The two skippers abandoned the shattered hulks of their boats. In the life rafts they held a muster. One man was missing and six men were wounded. Amazingly, the engineers of the watch on both boats survived, though they had been stationed right over blasts so powerful that heavy storage batteries had whizzed by them to land on the forecastle.

The sailors paddled shoreward. German planes were raiding the beach at that moment, and shrapnel from the antiaircraft barrage rained down on the rafts.

Shortly after midnight, the sailors landed on a rocky point chosen by the skippers because it looked least likely to be land mined. Lieut. Gallagher picked his way through a barbed-wire barricade along the beach and found a deserted and partly destroyed fisherman’s cottage where the sailors lay low for the rest of the night, not knowing whether they had landed in friendly or enemy territory.

Soon after dawn the skippers made a tentative venture into the open. Half a mile from the cottage they ran into soldiers—American soldiers—who took over the wounded men and guided the other sailors to a Navy beachmaster who gave them a boat ride back to their base.

A week later, on August 24th, task-force commander Rear Admiral L. A. Davidson heard that the Port-de-Bouc in the Gulf of Fos, west of Marseilles and at the mouth of the Rhone Delta, had been captured by the French Underground. He ordered minesweepers to clear the gulf, and he sent Capitaine de Frégate M. J. B. Bataille, French naval liaison officer on his staff, to scout the shore around the harbor. Capt. Bataille rode to the gulf in Lieut. Bayard Walker’s ill-fated PT 555.

The boat passed the minesweepers and came close aboard an American destroyer whose skipper notified Lieut. Walker that coastal shore batteries were still shooting near the mouth of the Gulf of Fos.

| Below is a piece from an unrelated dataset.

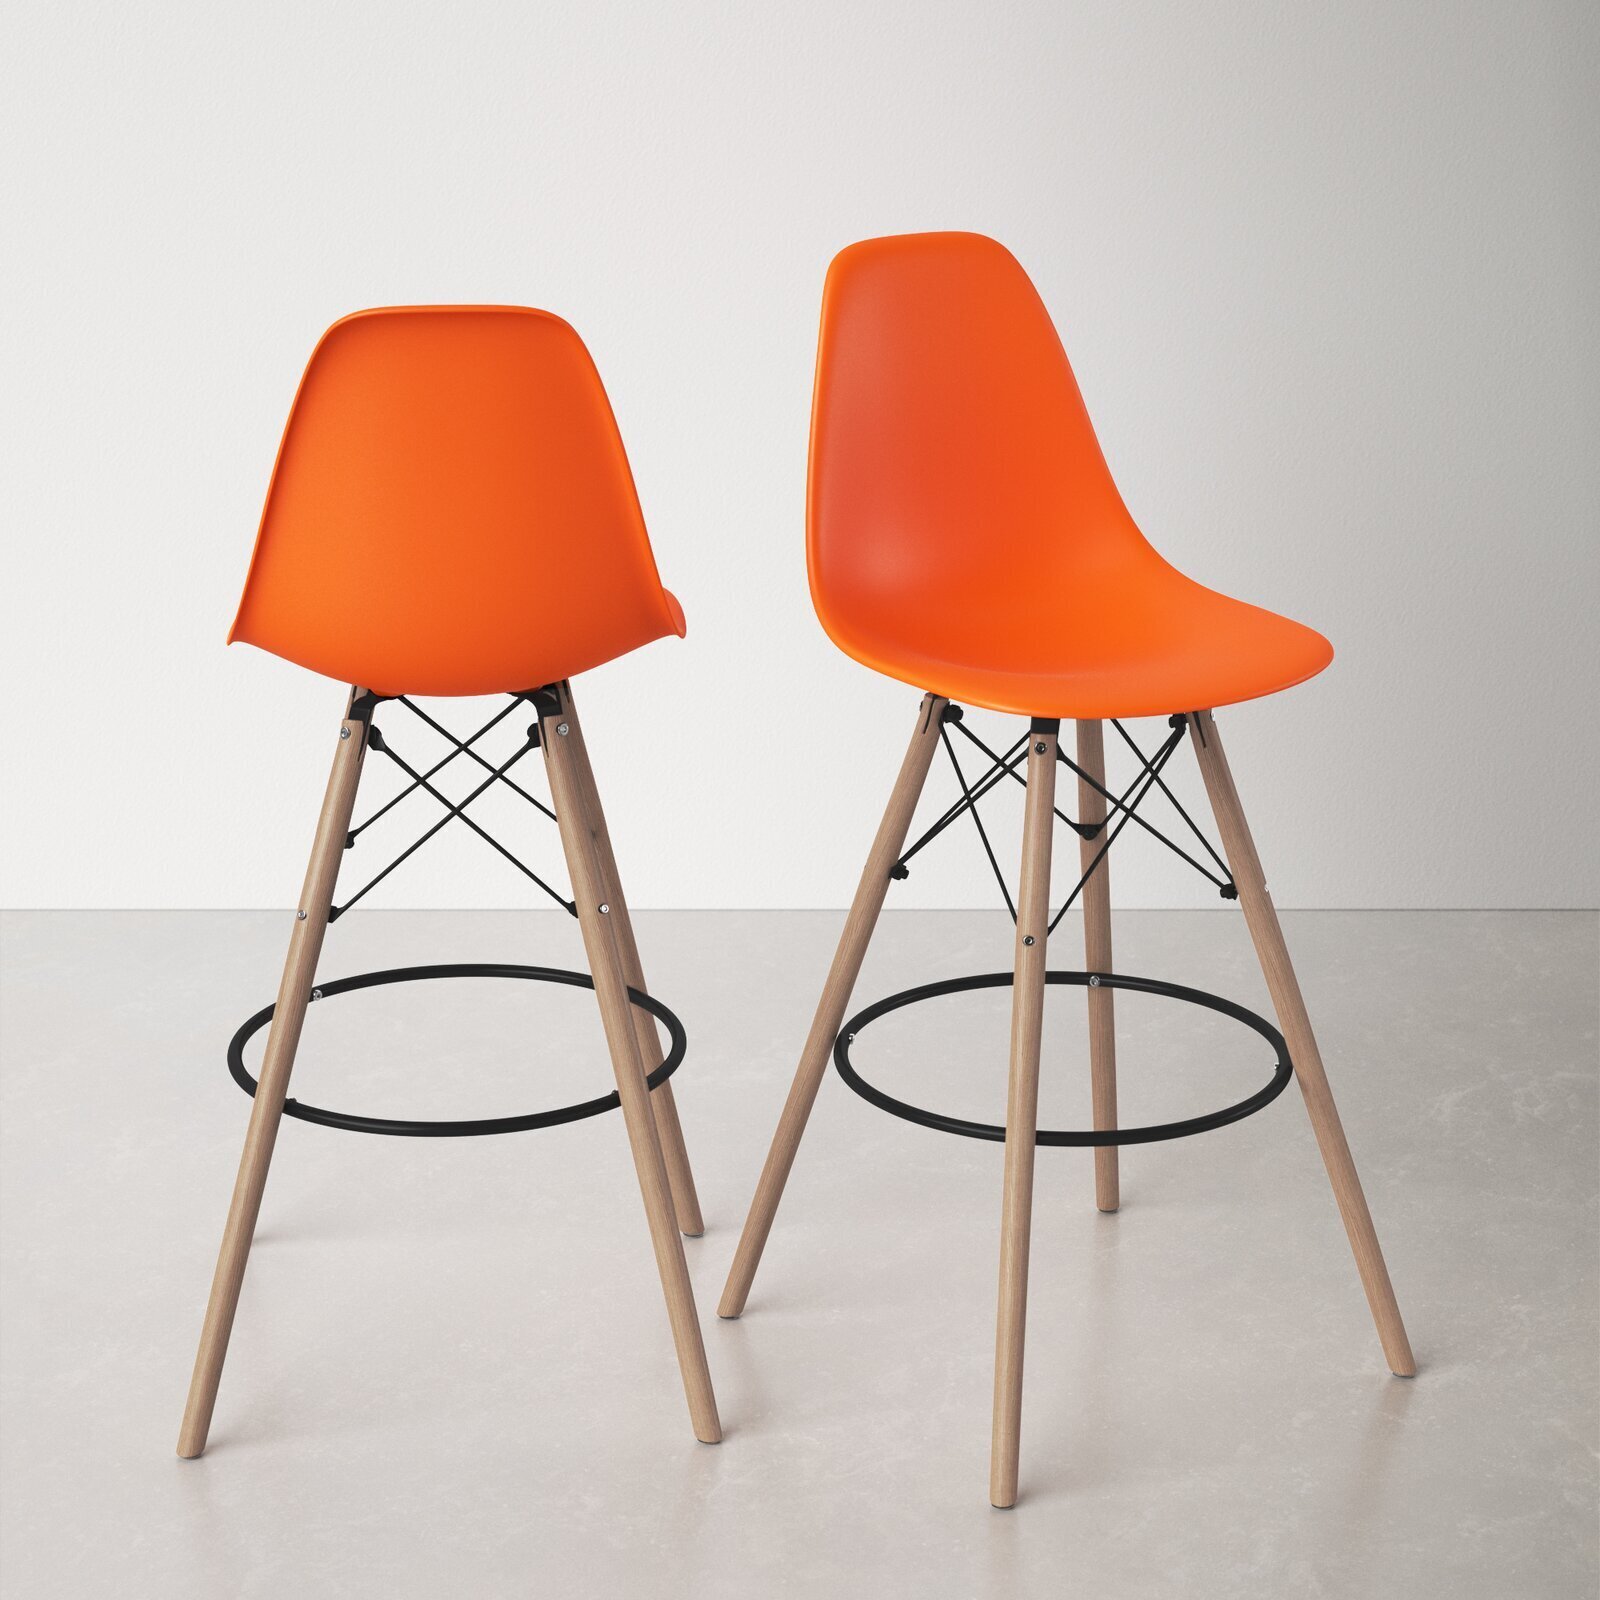 Orange bar stools with a backrest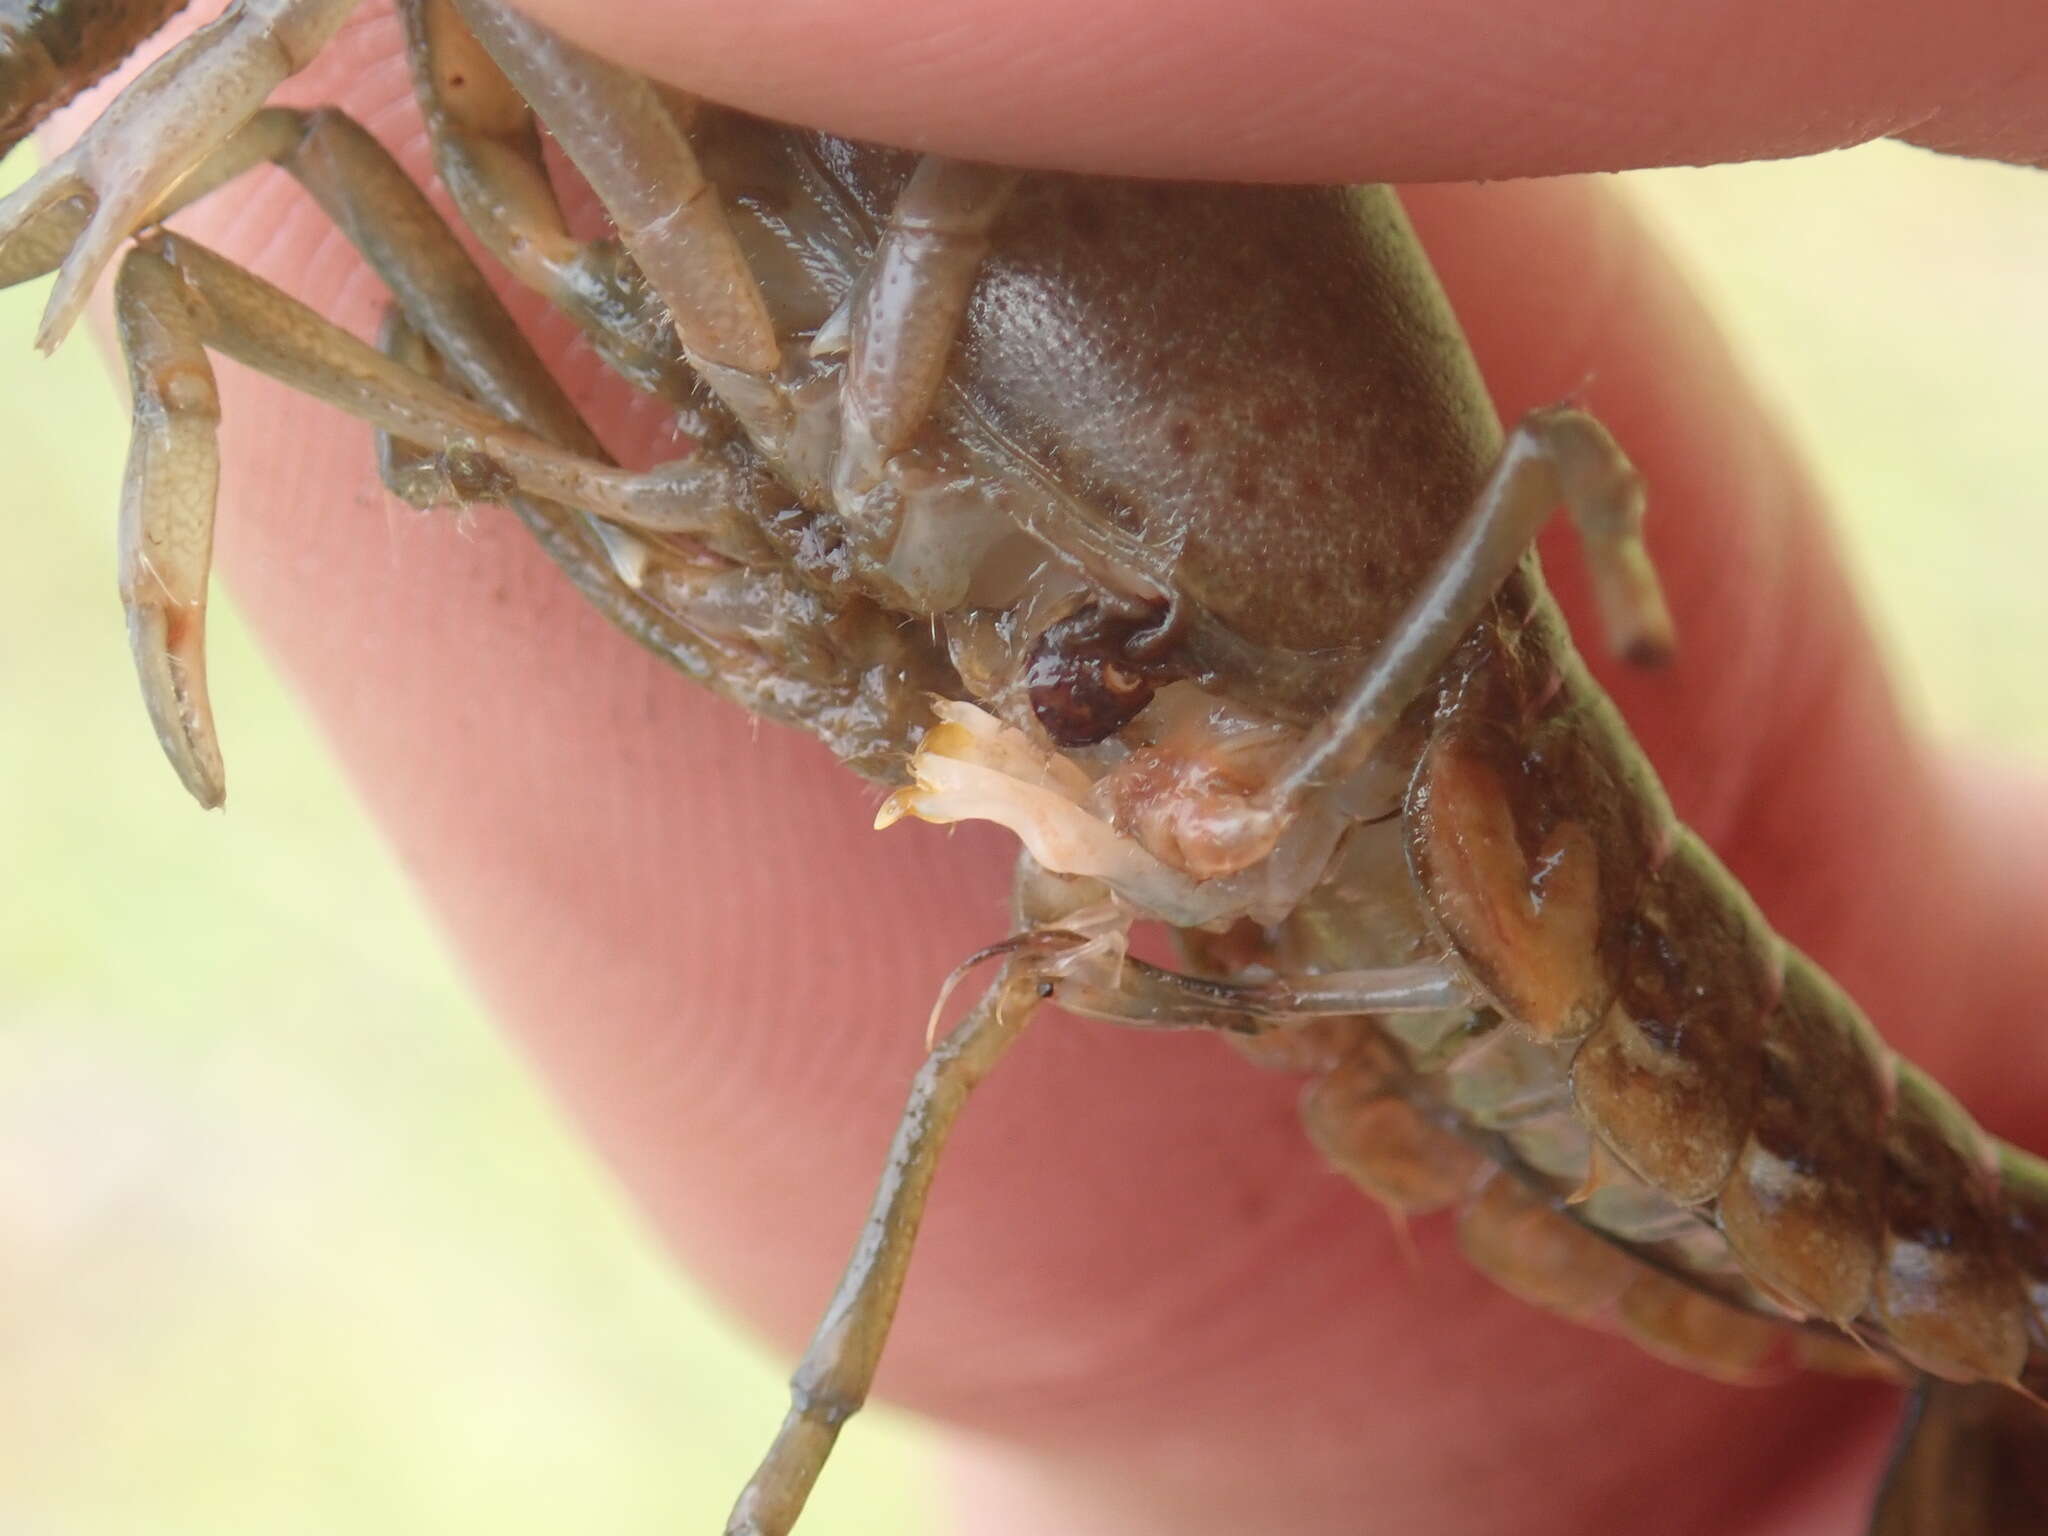 Image of Procambarus apalachicolae Hobbs 1942

Lieut. Bayard reported: “It was decided that we could enter the Gulf of Fos, despite fire from enemy coastal batteries, since we presented such a small target.”

So—as he put it—they “entered the bay cautiously.”

One wonders how you go about entering a mine-filled bay, by an enemy shore battery, “cautiously.”

The crew saw the French flag flying in a dozen places on the beach, and landed at Port-de-Bouc where they were welcomed by a cheering crowd, waving little French flags. Capt. Bataille met a fellow officer, French Navy Lieut. Granry, who had parachuted into the area several weeks before, in civilian clothes, and had organized a resistance cell to prevent demolition of the port when the Germans retreated. After a pleasant half-hour ashore, gathering information (Lieut. Walker spoke excellent French), the party re-embarked, set a two-man watch on the bow, and headed for sea at 29 knots.